A Cloud Migration Story
By Scott Murphy
VP Strategic Business Development, Data Perceptions Inc.
Published April 17, 2019
Deck: Collaboration tools can simplify operations, improve calendar timeframes, and reduce costs.
I spent time working while on planes, trains, automobiles, client sites, airports, and coffee shops. I was always challenged to stay connected with other members of our team. Phone calls, remote access, Skype, file shares, and a plethora of other tools were used to keep track of things and to share information with one another.
For the last 20 years, I have been part of a boutique consulting firm and the last two years have seen dramatic changes. We had an office, but the objective was never to be there – as a consultant, your objective was to be at a client site, to be chargeable.
Headaches of the Past
We had email in the Office 365 cloud and some basic replication capabilities with OneDrive, but that was not scalable, nor collaborative. Collaboration was never easy and rarely authentic.
In 2017, we started looking at procuring better collaboration tools. We investigated several tools including Microsoft Teams (release March 2017), but they only had pieces of the solution we were looking for.
We replaced more expensive video conferencing with Skype for Business Online, for some decent video conferencing capabilities, and added cloud-based UC from another third-party provider to improve our access to voice communications. This was better than what we started with, but not yet the solution we needed – too many point tools and not enough integration or workflow.
Second Phase: A Deeper Look
In the summer of 2018, we took a deeper look at Microsoft Teams again, including its roadmap in our evaluations.
Skeptically, a few of us jumped in on a proof of concept (PoC). We pulled document management, chat, and video conferencing into one application, all in the cloud with no remote access hassles. It was better, and we could start to see that the roadmap was headed in the right direction.
The rest of our team jumped in and started using Teams for internal and client projects.
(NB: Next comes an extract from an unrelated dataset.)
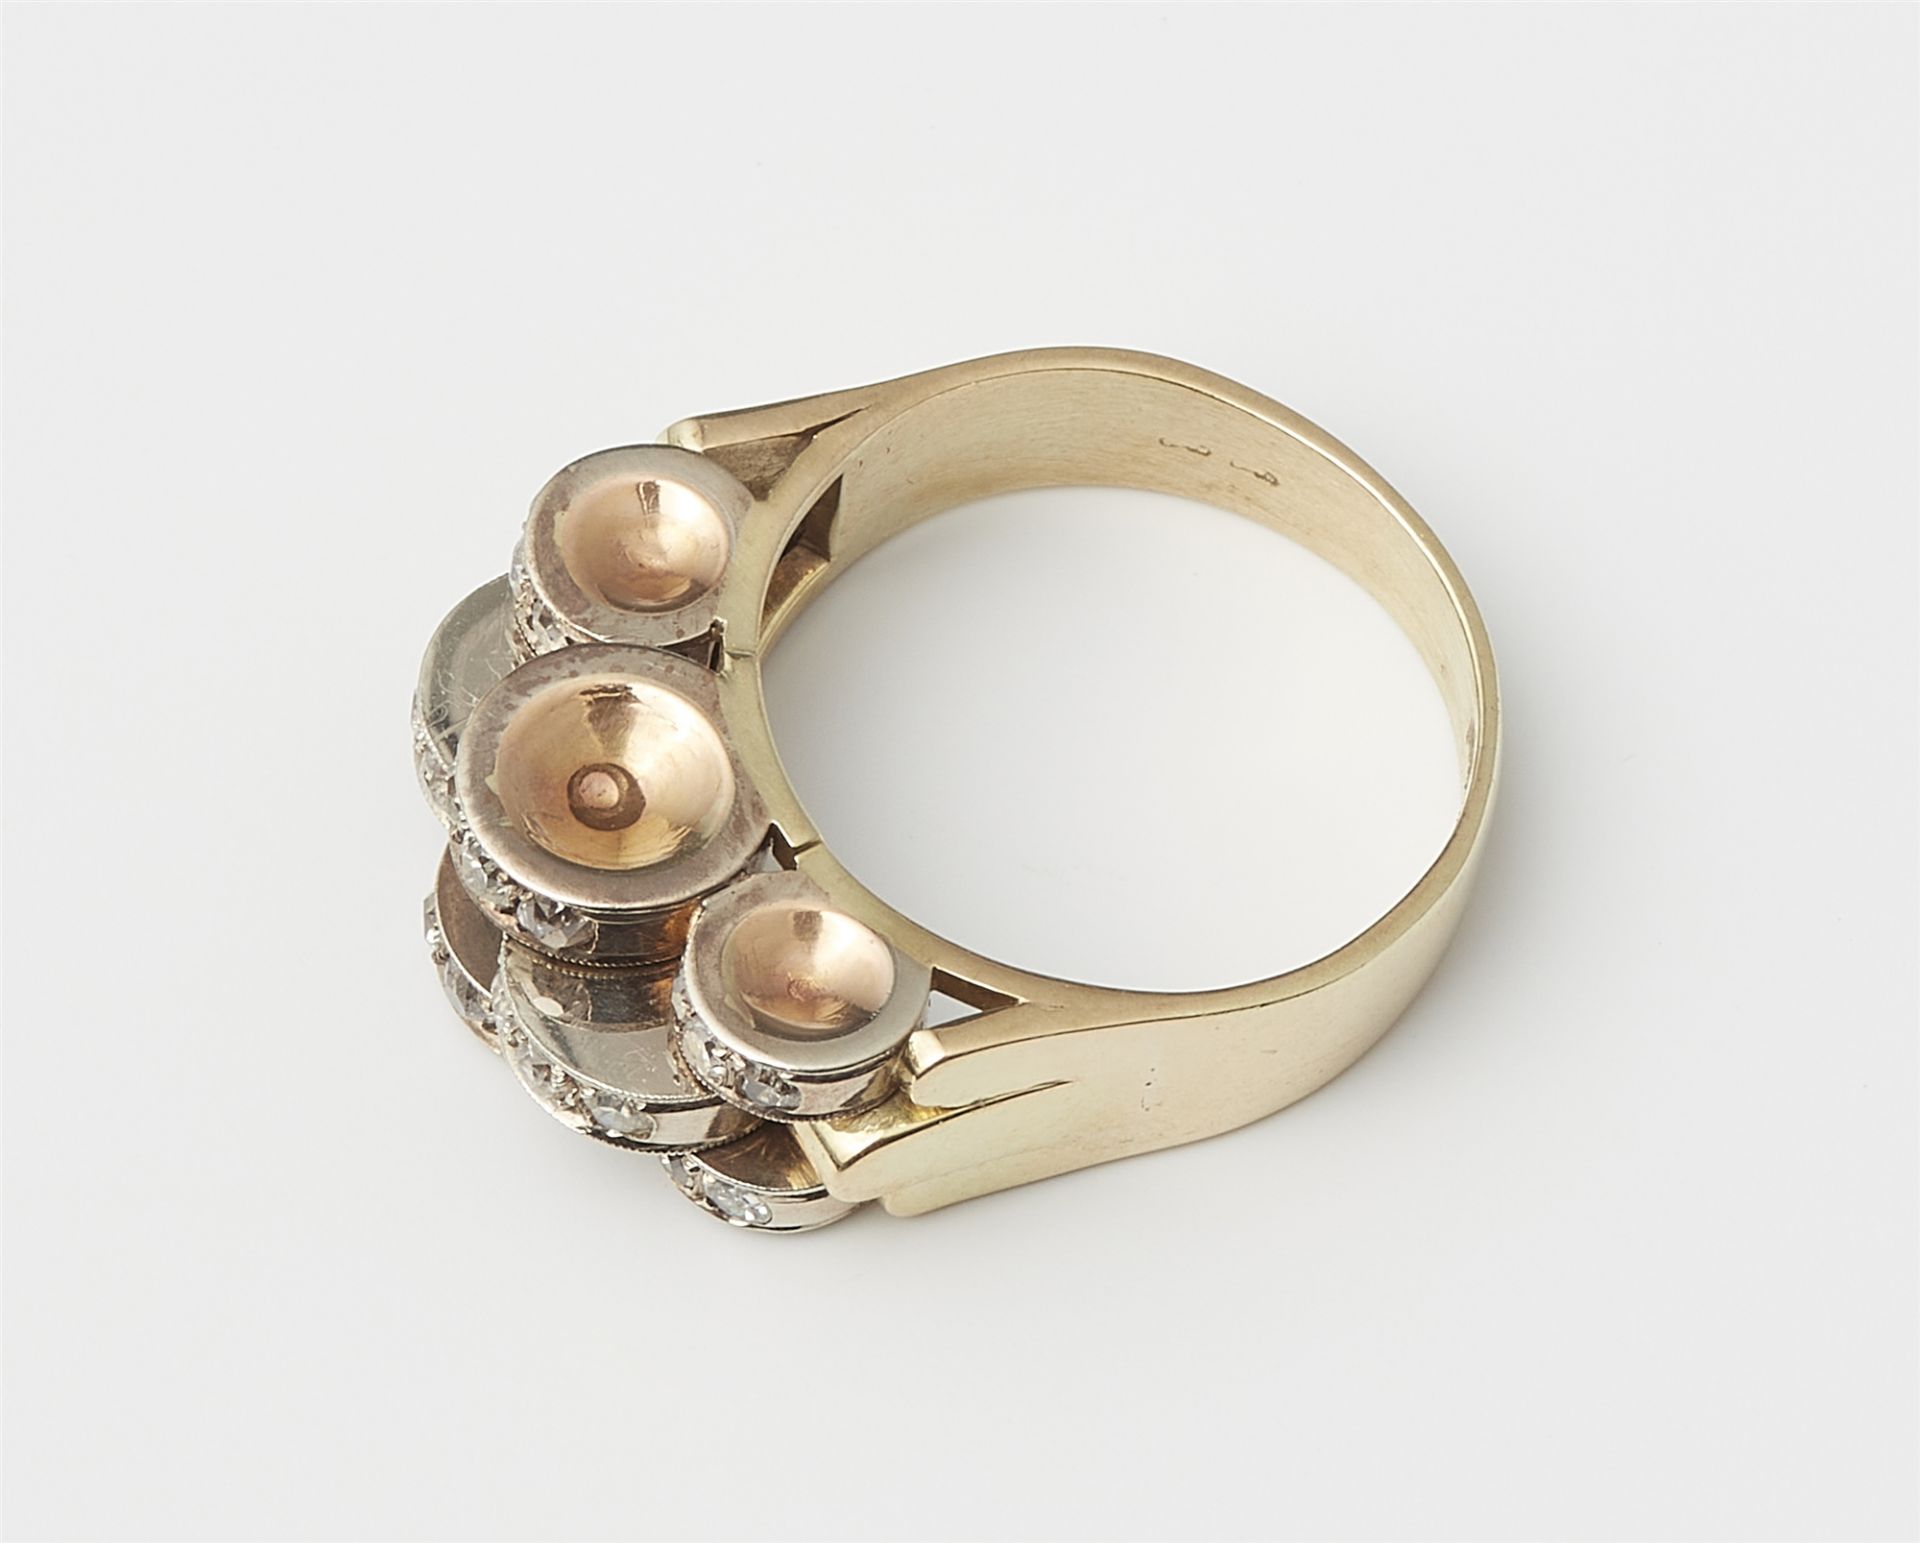 An Austrian Retro Style 14k gold and diamond ring. - Image 2 of 2

Consultants could collaborate on documents, chat or have ad-hoc video calls to meet and discuss various topics, and keep all files in one place with easier ability to share -- all in real time, from anywhere they could get an Internet connection. Suddenly, we did not have to be in the office but we still felt like a tightly integrated team.
We adjusted our workflow and started to see that the we could accomplish our goal of having no dependency on the brick and mortar office. We added a cloud-based CRM into the mix, which allowed us to track project status as well as opportunities. We embedded the interface right into Teams so everything was in one place.
Being in the IT consulting space, security was high on our requirements list. We added Azure Active Directory (AAD) with multi factor authentication (MFA) to the Office 365 and Teams environment to significantly improve the security of the cloud and eliminate the need for onsite authentication servers.
We extended AAD authentication to our other cloud applications that we were using to simplify authentication and further improve security. As part of this process, we started to better manage device and application security using Microsoft Intune and mobile device management (MDM) with AAD.
Evolving in the Cloud
In the fall of 2018, guest user access to teams was added. For our consulting business, this might have been the single most important feature that was missing. Now we could start to collaborate easily with clients, subcontractors, and business partners in a secure and collaborative fashion.
Our accounting system was the last thing that we had onsite. We looked at our workflow and tried a variety of demos, but wound up adding a cloud-based accounting system with integrated timesheets to finish our cloud migration. In the near future, we will be embedding the timesheet capability within the Teams interface.
Most recently, we moved our phone numbers from the third-party cloud UC provider to Teams, adding voice calls to Teams when dial plans were made available in Canada, where we’re based. This enabled cost-effective, high-definition voice and better integration with our other workflows. It's not perfect, but having everything integrated into one application simplifies working from just about anywhere.
What’s on our roadmap to further improve our collaboration? The Microsoft Office 365 platform has many tools and applications that we’re evaluating how we might be able to take advantage.
We have started to build workflow applications to work with Teams using Microsoft Flow, PowerApp, and PowerBI to streamline some of our consulting methodologies, including our IT Security and Operations Scorecard. We will be looking at some of the other application integrations and project templates available in Teams to further improve consulting operations. We will also continue to improve the security of our operations using the ever-expanding Azure platform tools – including security issues detection and response capabilities.
Our journey was rocky and involved some significant trial and error. We were often left waiting for roadmap features to do things we wanted to accomplish now. Our experience was not unique; lots of organizations have gone down this path over the last three years. But as a boutique consulting firm, we can now work anywhere and have access to all of our data and applications. More importantly, we can collaborate as if were all in one office, which feels like a win to me. This experience has also added a new area of expertise to our firm, as we are helping our clients manage their similar cloud journeys.
Going through this process has simplified collaboration through application consolidation that includes communications, telephony, video, chat, document management, workflow, and
application integration with many SaaS tools. The end result has been faster and higher quality collaboration. The resulting simplification has improved (shortened) calendar timeframes for team work and reduced overall costs.